Chocolate linked to depression (or vice versa)

The Aztecs consumed chocolate as a beverage and called it bitter water. Linnaeus, who had more sense, named it Theobroma, the food of the gods. Evidently, the gods (if not the Aztecs) were a bit depressed – a recent study by Beatrice Golomb and her colleagues concluded that depressed people consume more chocolate. I am not surprised.
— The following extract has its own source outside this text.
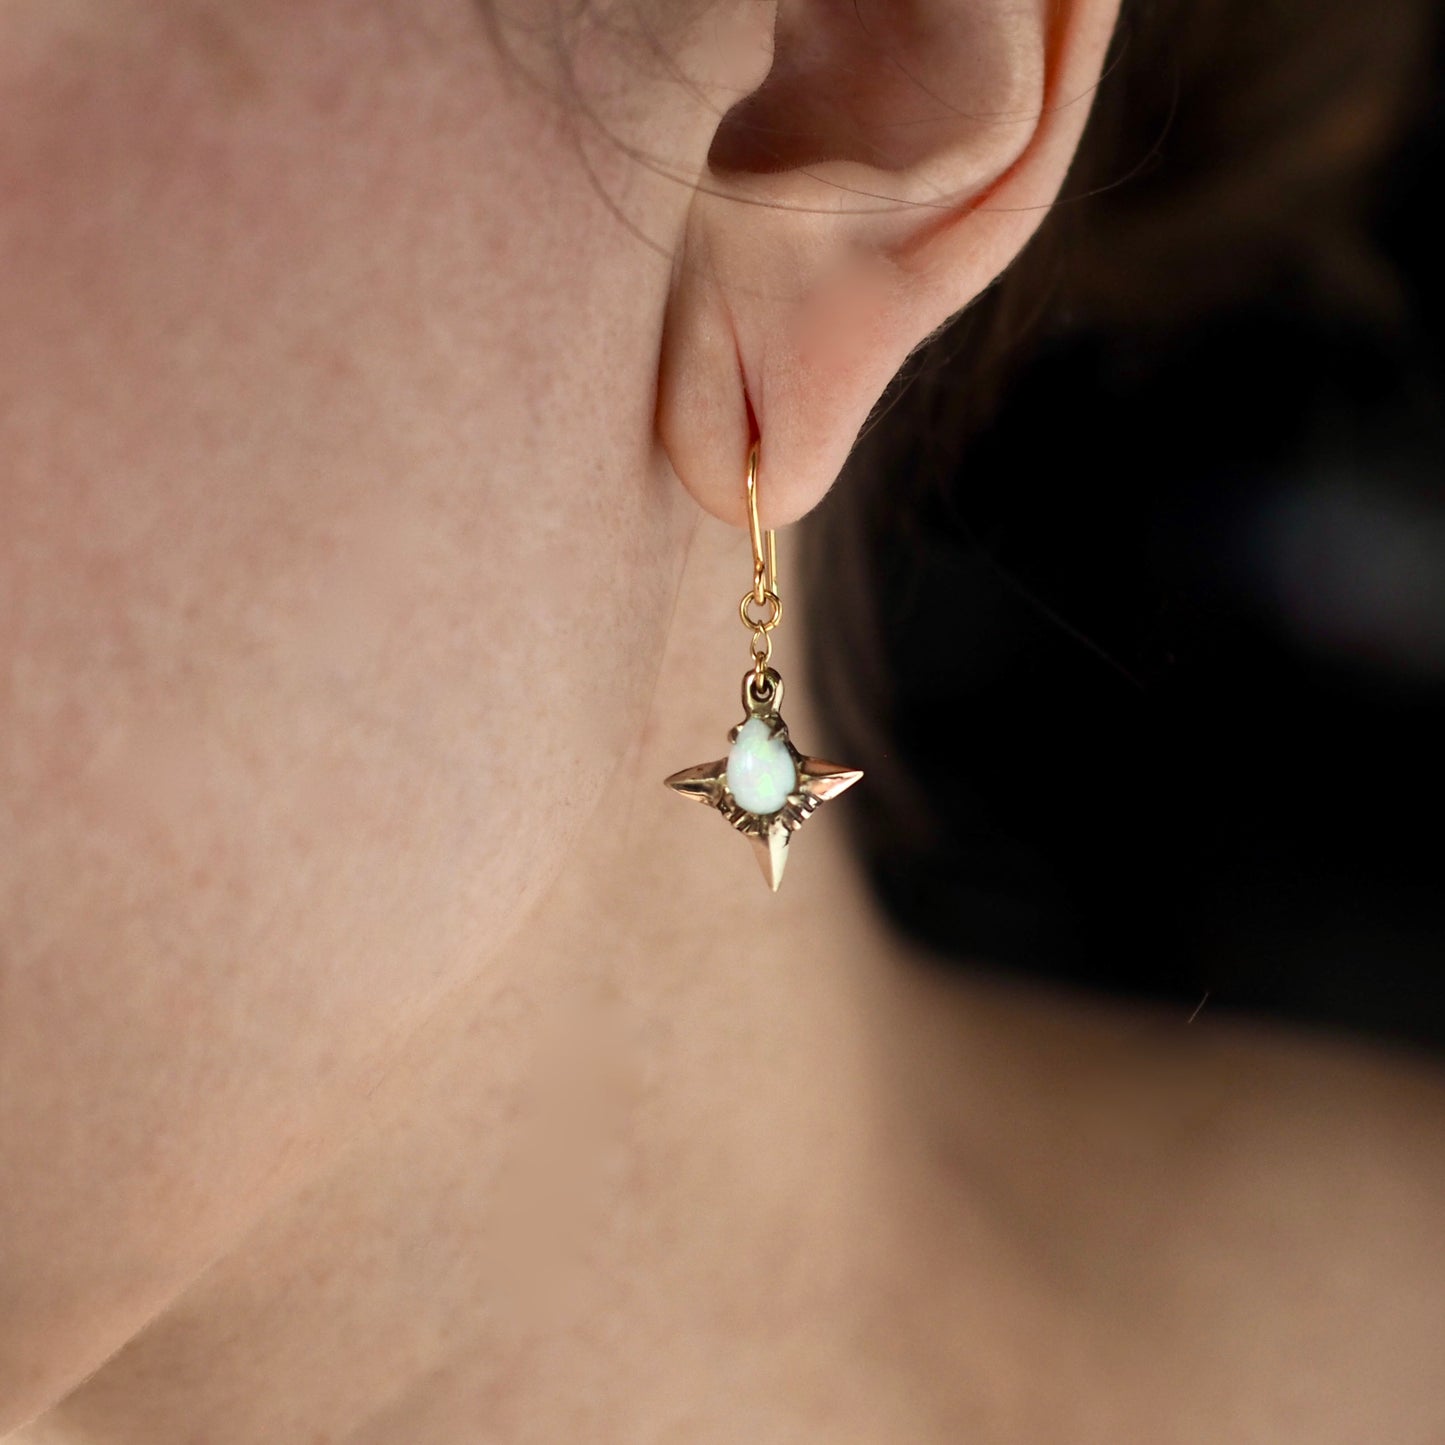  Teardrop shaped lab grown opal set in 4 point star setting in gold tone bronze handmade by Iron Oxide Designs on a model

As reported in the LA Times, Science Daily, and elsewhere, Dr. Golomb and her colleagues examined the chocolate consumption of 931 participants who were involved in an epidemiological study. None of the participants had diabetes or cardiovascular disease, and none was on antidepressants.

The participants self-reported their chocolate consumption using what I take to be a well known and apparently well documented metric, the Fred Hutchinson Food Frequency Questionnaire. The study measured depression using another metric, Center for Epidemiological Studies–Depression Scale. People who scored higher on the depression scale also consumed more chocolate per week – the equivalent of about 8, 1-ounce servings per week (that is, approximately 8, 28-gram servings, in God’s units).

The study postulates no causative effect, either way, between chocolate consumption and depression. The authors note that there are comparatively little caffeine and theobromine in chocolate, and they did not find a correlation between caffeine and depression. Indeed, the LA Times quotes a food psychologist, Marcia Levin Pelchat, who argues that the effect is learned, not biochemical. That is, according to Dr. Pelchat, we train ourselves to eat chocolate when we are depressed. If that is so, then the correlation is effectively cultural.

There are a number of problems with this study, many of which are mentioned forthrightly in the article. The authors were not, however, data dredging: They stated a hypothesis, that consumption of chocolate would correlate with depression, and examined the data to confirm or disconfirm their hypothesis. They did not search high and low for apparent correlations with high statistical significance (low p-value), and they demonstrated a dose-response relationship (I thought, though, that a graph of chocolate consumption versus depression score would have been more useful than merely dividing the depression scores into 2 categories). The most troublesome aspect of this study to me (as a sometime metrologist), however, is that they report the standard deviation of their data sets but make no effort to include the standard uncertainty of either metric. My guess is that if they had calculated the combined standard uncertainty, their 95-% confidence intervals would have overlapped considerably.

Well, no, I take back some of what I just said. The most troublesome aspect is that they did not distinguish between proper chocolate and milk chocolate. Whereas I will admit that milk chocolate is better than no chocolate whatsoever, I want to know whether halfway-decent chocolate is better at curing my depression than insipid milk chocolate. I spend a lot of money every year on dark chocolate bars, and (my dental health notwithstanding), I want to know if it’s doing me any good.

Reference. Mood Food: Natalie Rose, Sabrina Koperski, and Beatrice A. Golomb, “Chocolate and Depressive Symptoms in a Cross-sectional Analysis,” Arch. Intern. Med. 170(8):699-703 (2010); http://archinte.ama-assn.org/cgi/content/short/170/8/699. Subscription required.

Acknowledgment. Thanks to Beatrice Golomb for providing a reprint of her article almost instantaneously.